Most Tunisian Migrants Given Citizenship in Safe Italy Use EU Free Movement to Move to France

Some of the 67 migrants rescued by members of French NGO SOS Mediterranee boat Ocean Vikin
SHAHZAD ABDUL/AFP via Getty Images

Over half of the Tunisian migrants who claimed Italian citizenship between 2012 to 2017, 56 per cent, used EU Free Movement rules to move to France.

Statistics also reveal that of the Tunisians granted asylum in 2011, just 10 per cent remained in Italy by 2018, the lowest level of any nationality.

In recent months, Italy has seen a new surge of mass migration, primarily from Tunisia via the Italian island of Lampedusa. Many of them have made the trip north to the town of Ventimiglia, which lies on the border with France, after arriving.
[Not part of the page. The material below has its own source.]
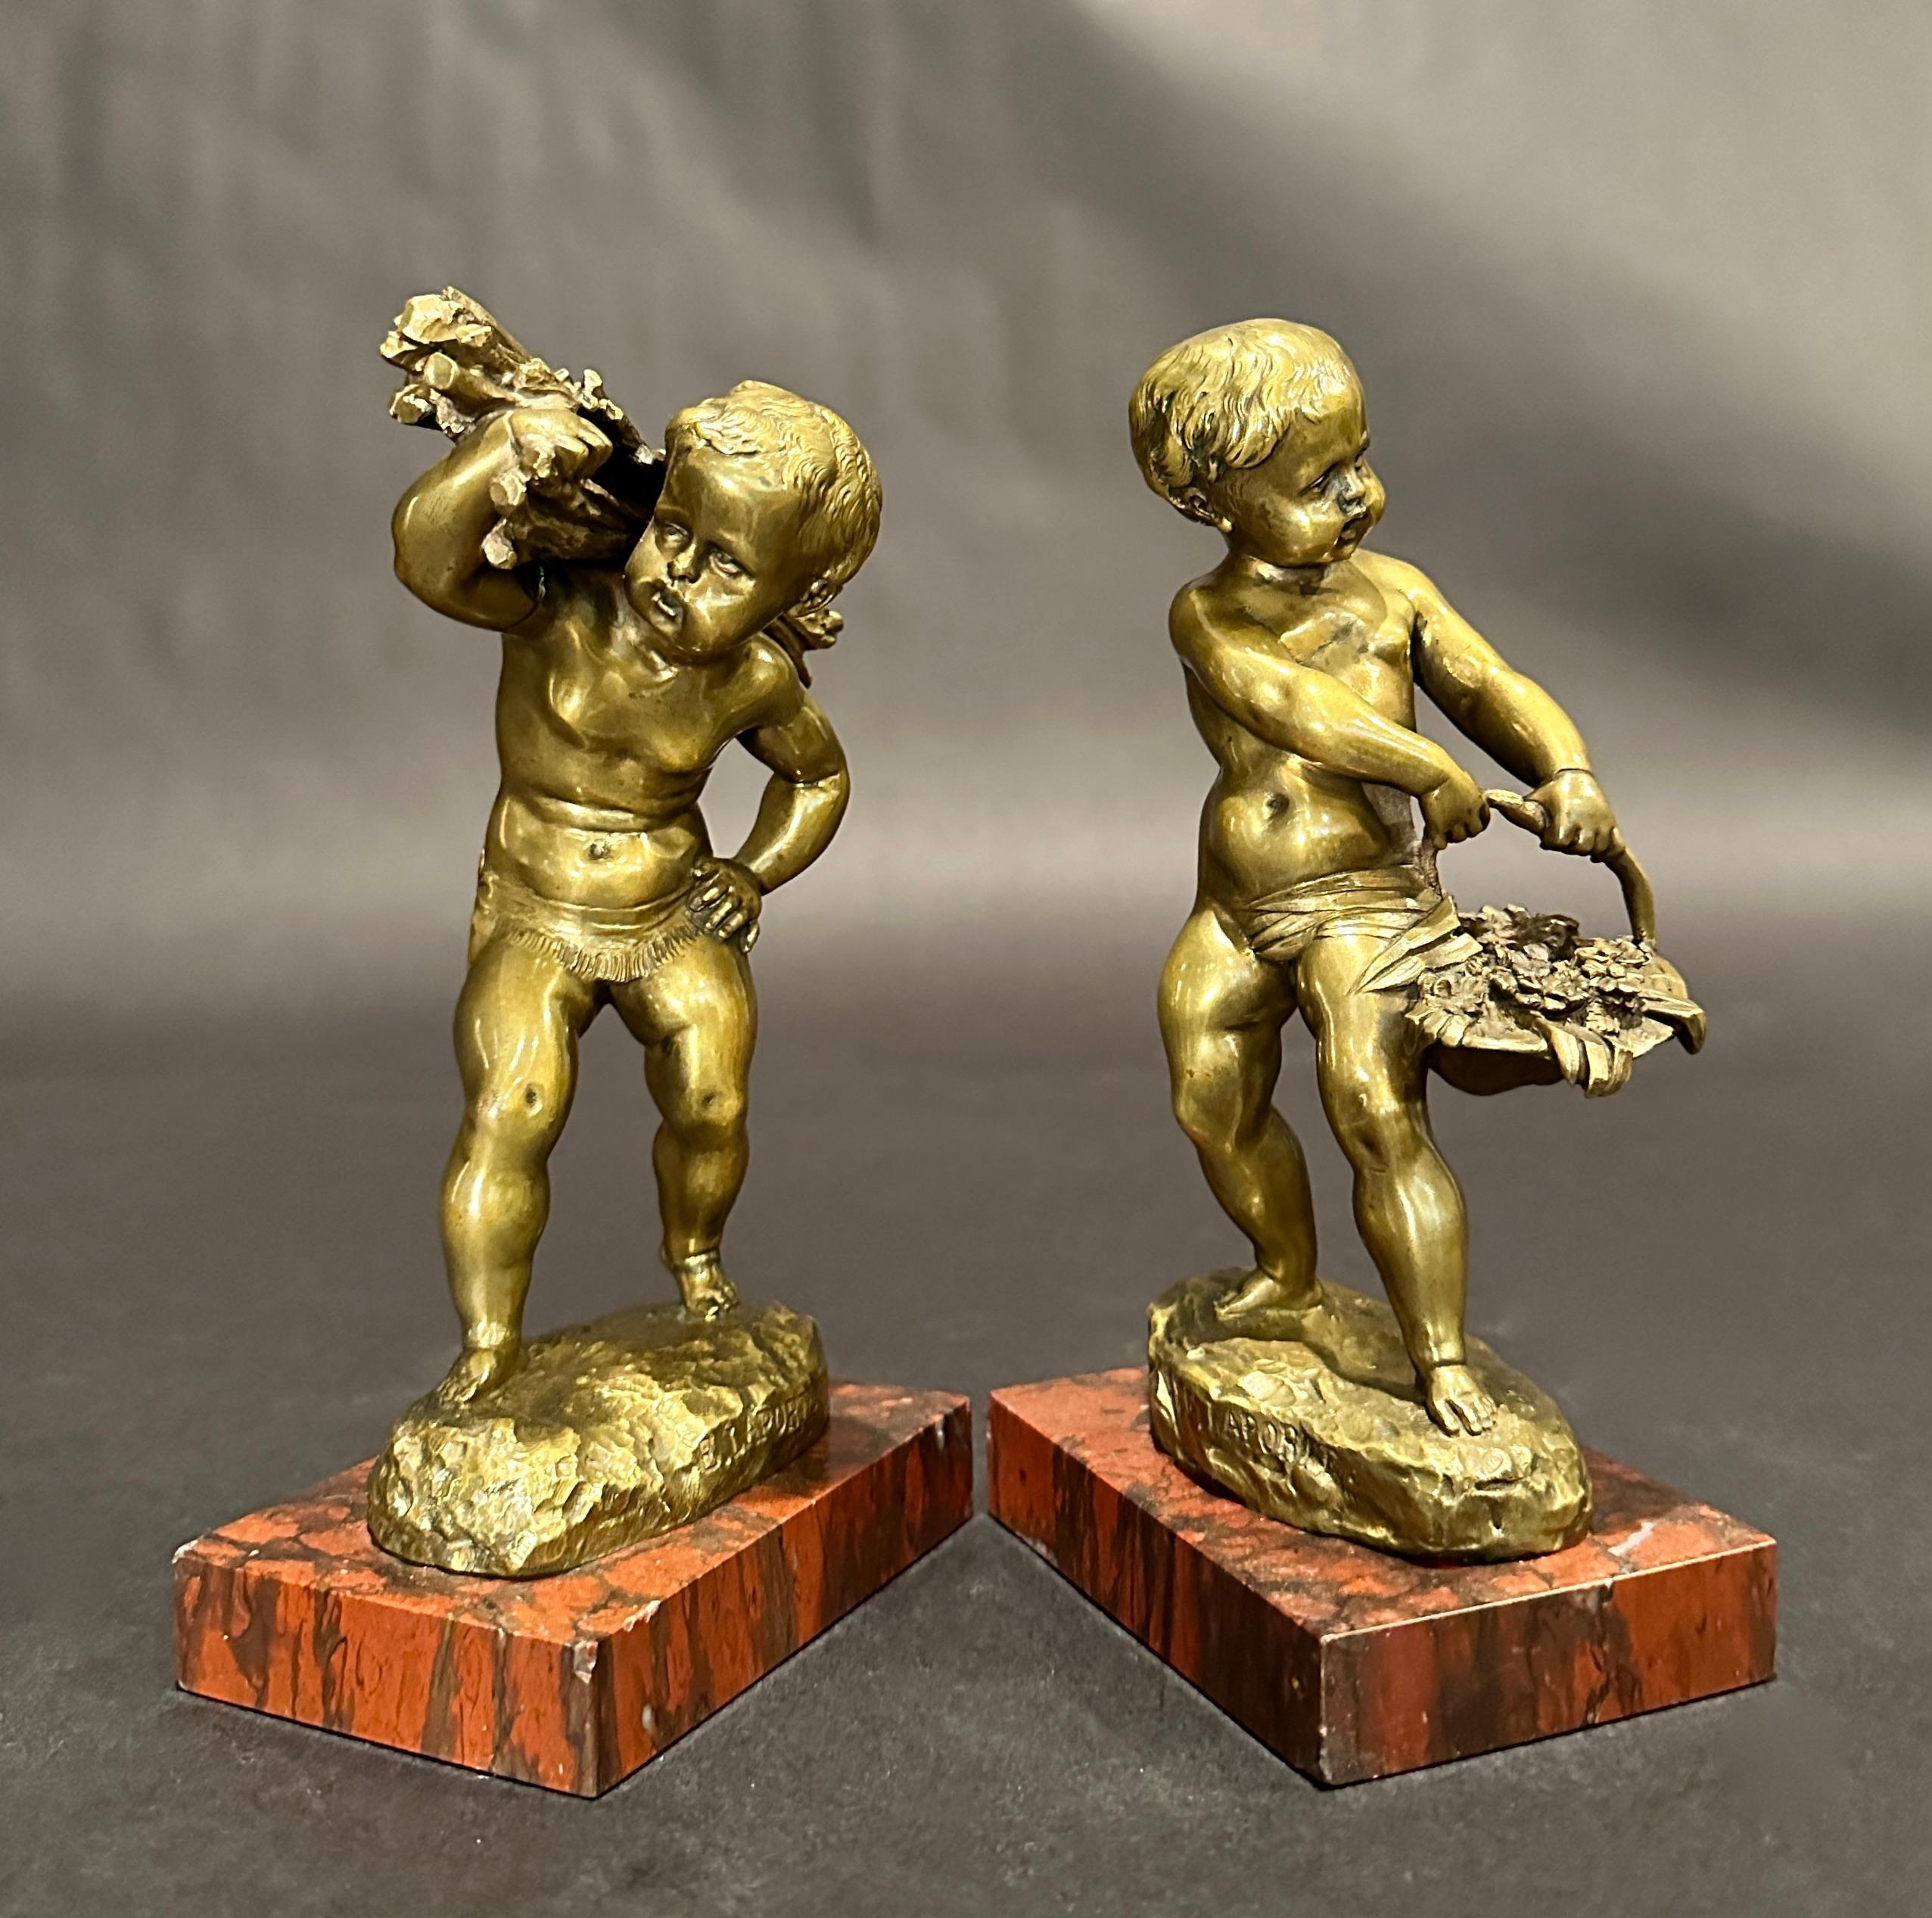 19th century French bronze sculptures of young farm boys by Emile Laporte (1858 - 1907), France. One boy carrying a basket of flowers, the other a bundle of sticks. Signed, mounted on rouge marble bases.

Delia Bonuomo, a Ventimiglia bar owner, told French newspaper Le Figaro that many come directly from Lampedusa and do not bother trying to stay in Italy at all.
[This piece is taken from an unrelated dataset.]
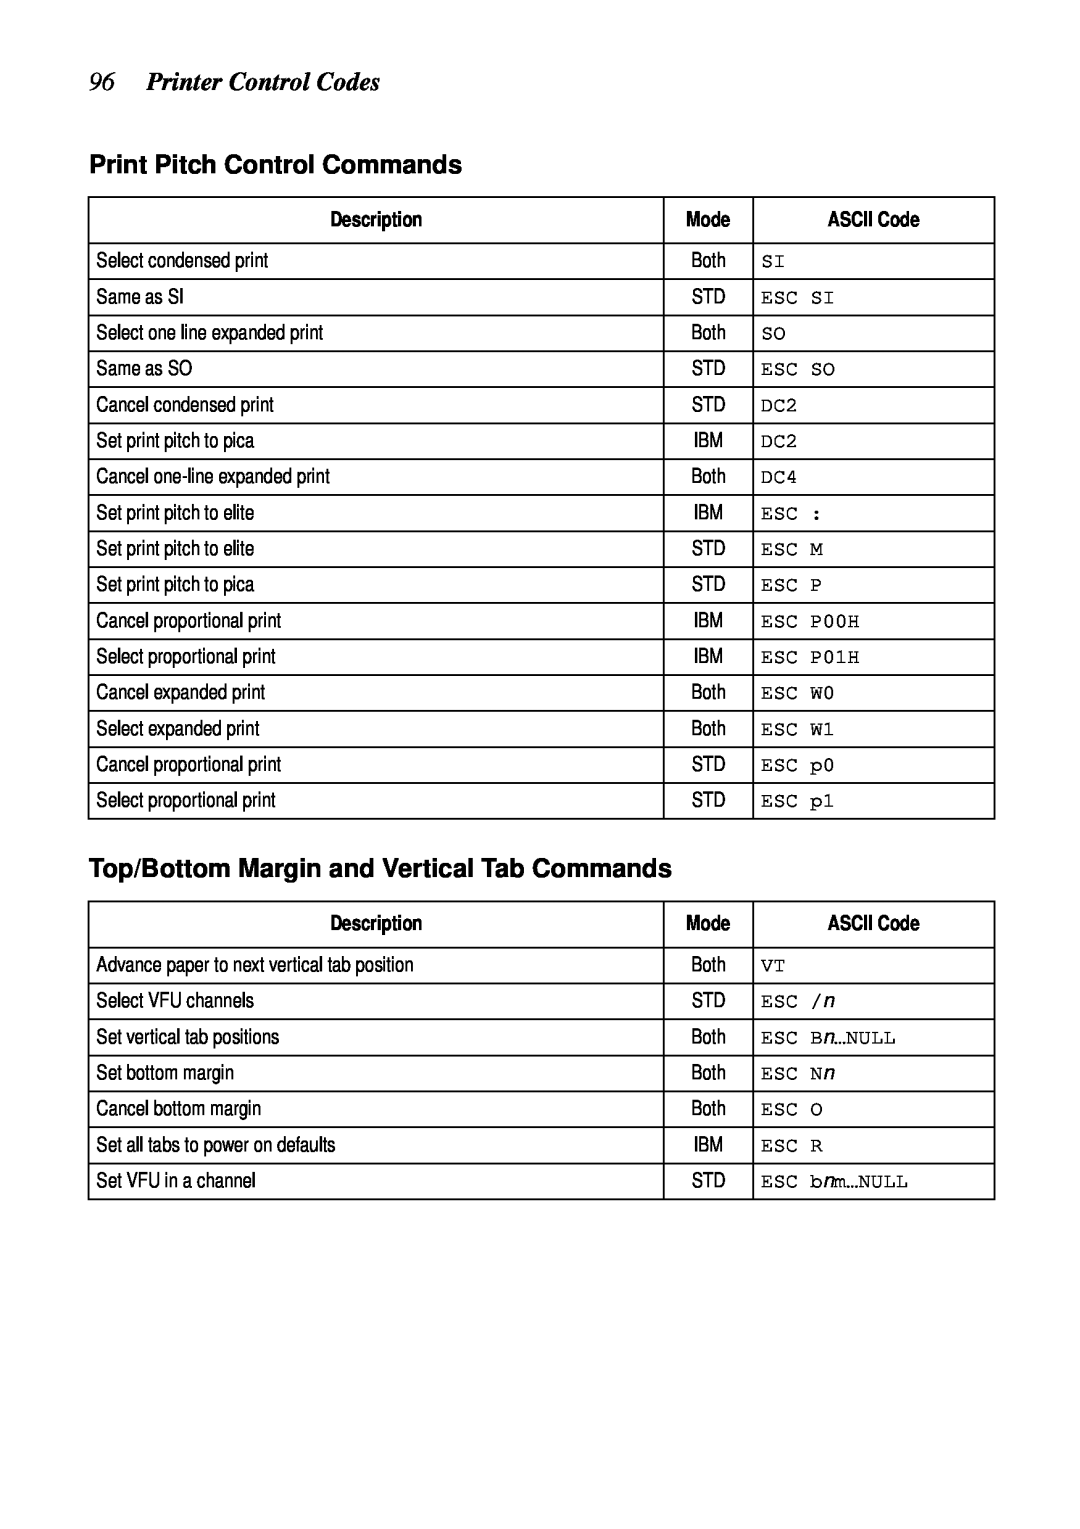 Star Micronics LC-1521 Printer Control Codes, Print Pitch Control Commands, Top/Bottom Margin and Vertical Tab Commands

“They do not have the marks of suffering like Africans from southern Sahara, who have thousands of kilometres of wear in their legs and have sometimes experienced tragedies. They want to join cousins in France,” Ms Bonuomo said.

The bar owner said that she offers them limited help, such as letting them charge up their phones, “but they can’t ask me to take them to France,” she said.

“Among them are rude people and thugs who even steal from each other. Some think that women like me should lower my eyes before them,” she added.

Bonuomo said that people-smugglers charge the migrants up to €500 to get across the French border, but that they are often pushed back by French police.

“Some people try three, four, seven, up to ten times to get to France. They can take a month or two, but they always end up getting there,” she said.

Adel Chehida, chairman of the Association of Tunisians in Italy, told the newspaper that many young Tunisians leave the country because of the lack of job prospects.

Tunisian migration into France came under scrutiny last month after it was revealed that the radical Islamic terrorist  who killed three people in a church in Nice was Tunisian and had arrived in Lampedusa illegally earlier in the year.

Italian populist Senator Matteo Salvini called on Italy’s Interior Minister Luciana Lamorgese to resign over the affair and questioned how many more radical Islamists had come through the country illegally.